» Task statement: Write out again the lines from the line with "Convert Hours Into Minute Worksheet" up to and including the line with "Oxford Lunch Bags", exactly as they stand below, and skip any picture.
───── Provided data ─────
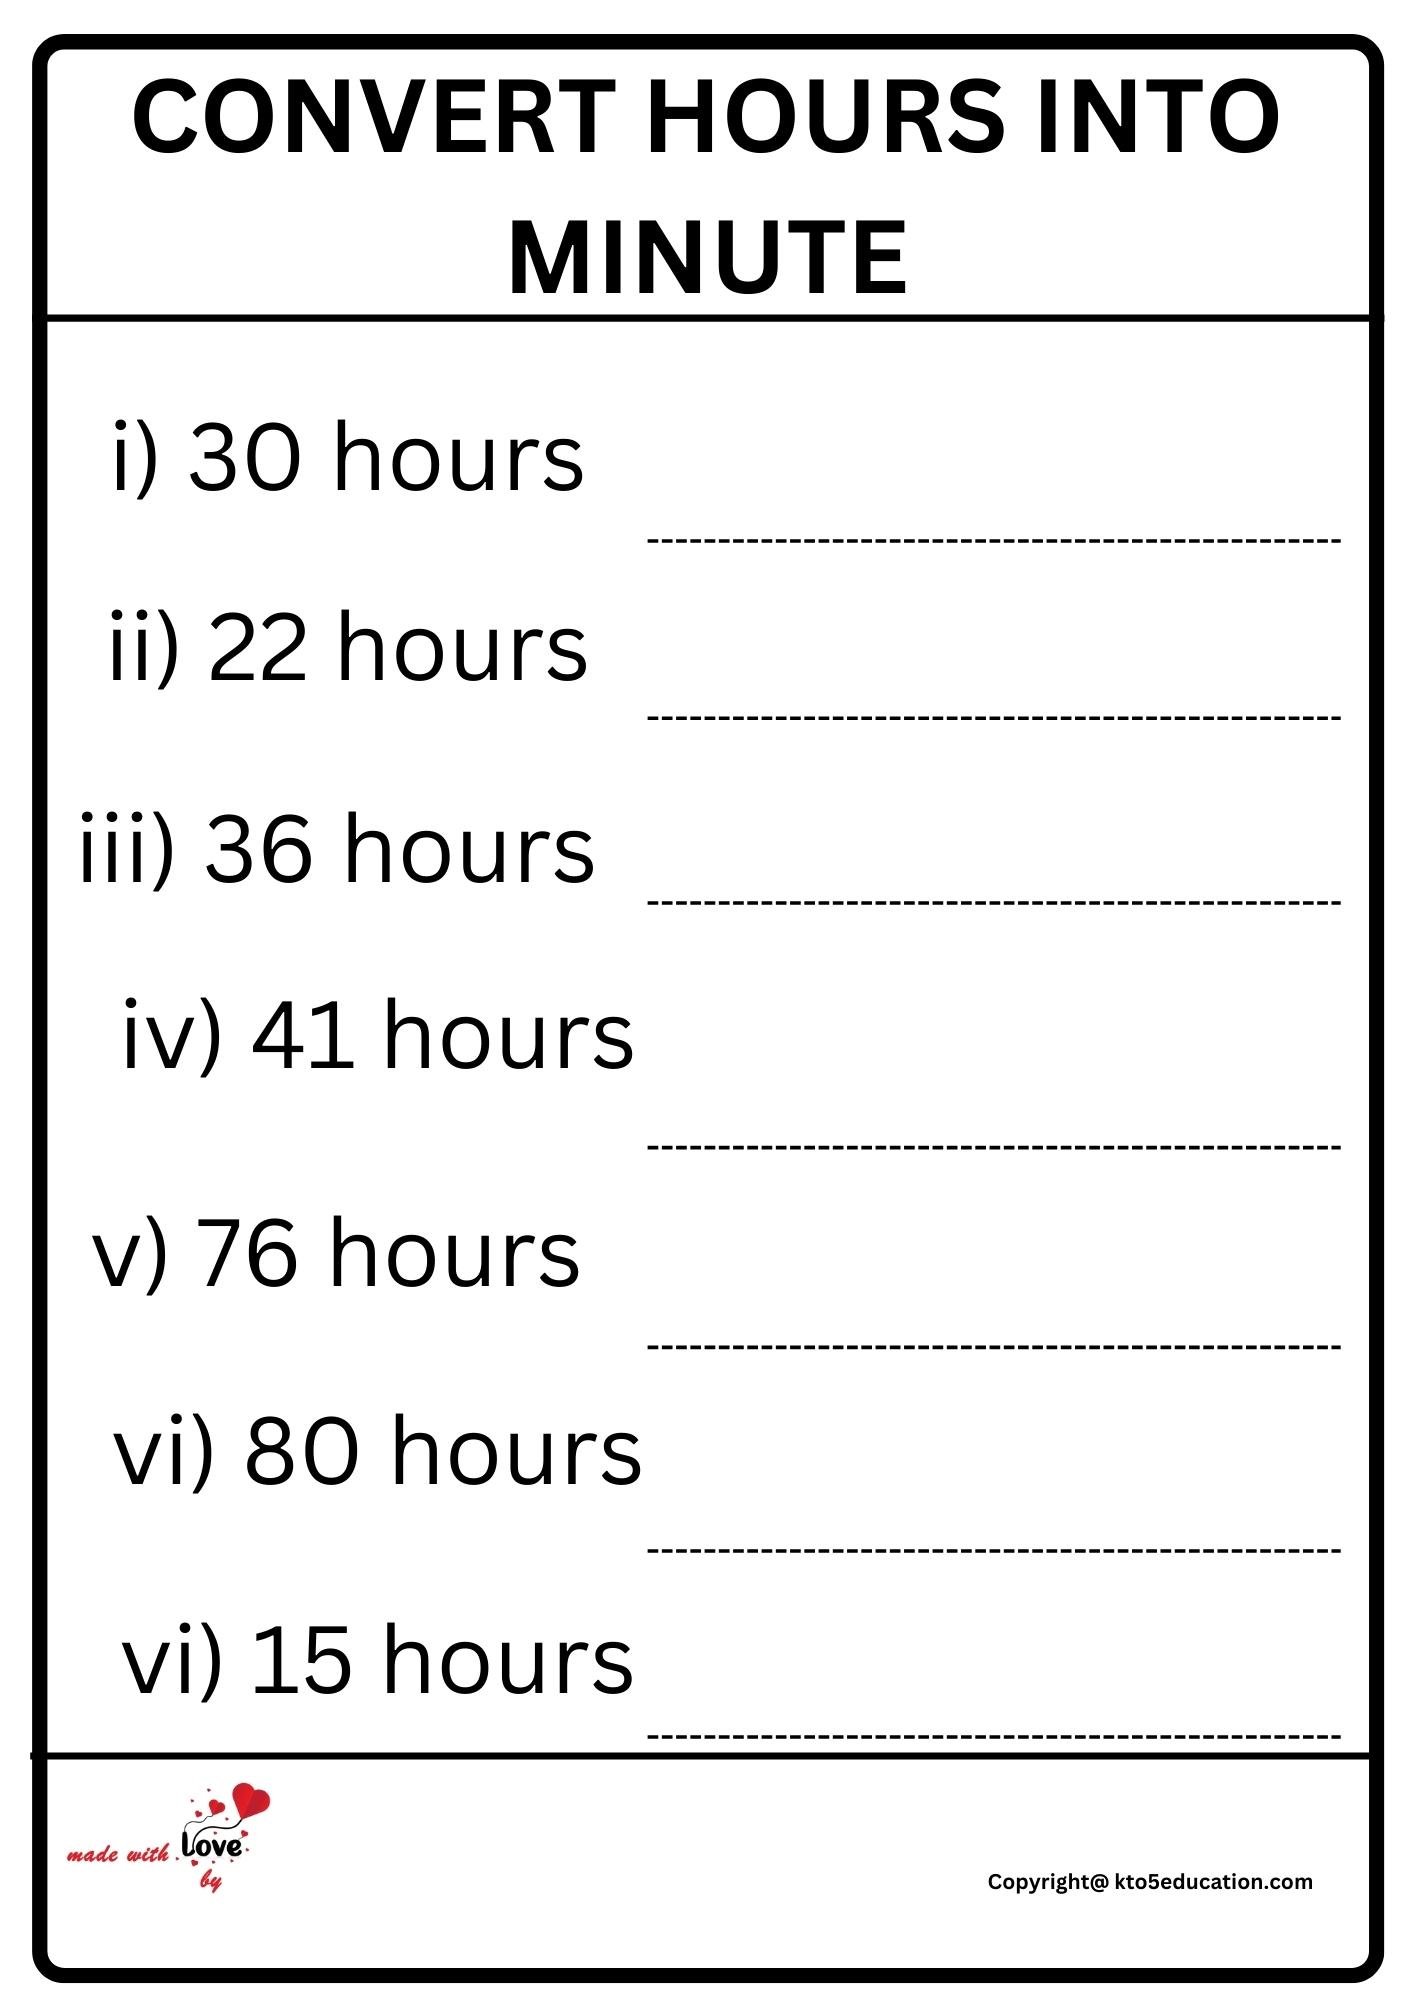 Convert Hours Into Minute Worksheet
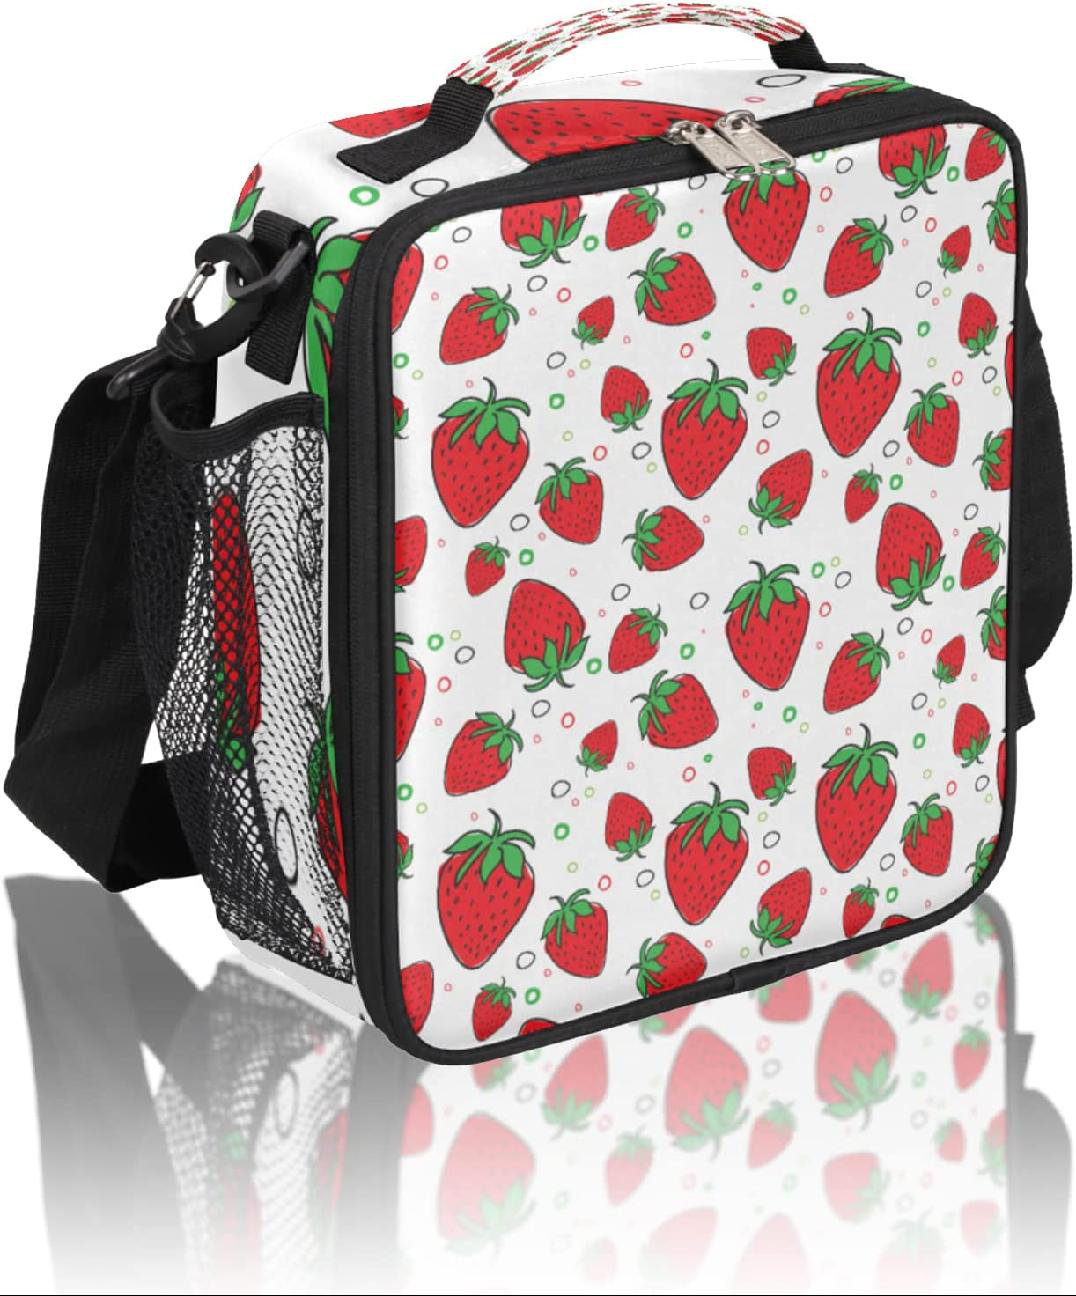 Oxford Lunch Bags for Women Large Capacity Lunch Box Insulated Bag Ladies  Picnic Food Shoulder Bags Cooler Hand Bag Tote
─────
───── Provided data ─────
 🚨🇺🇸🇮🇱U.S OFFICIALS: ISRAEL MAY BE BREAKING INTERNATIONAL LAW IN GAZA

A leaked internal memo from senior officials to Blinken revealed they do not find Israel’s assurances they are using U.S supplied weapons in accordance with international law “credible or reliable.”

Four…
─────
» Exercise solution:
 Convert Hours Into Minute Worksheet
 Oxford Lunch Bags for Women Large Capacity Lunch Box Insulated Bag Ladies  Picnic Food Shoulder Bags Cooler Hand Bag Tote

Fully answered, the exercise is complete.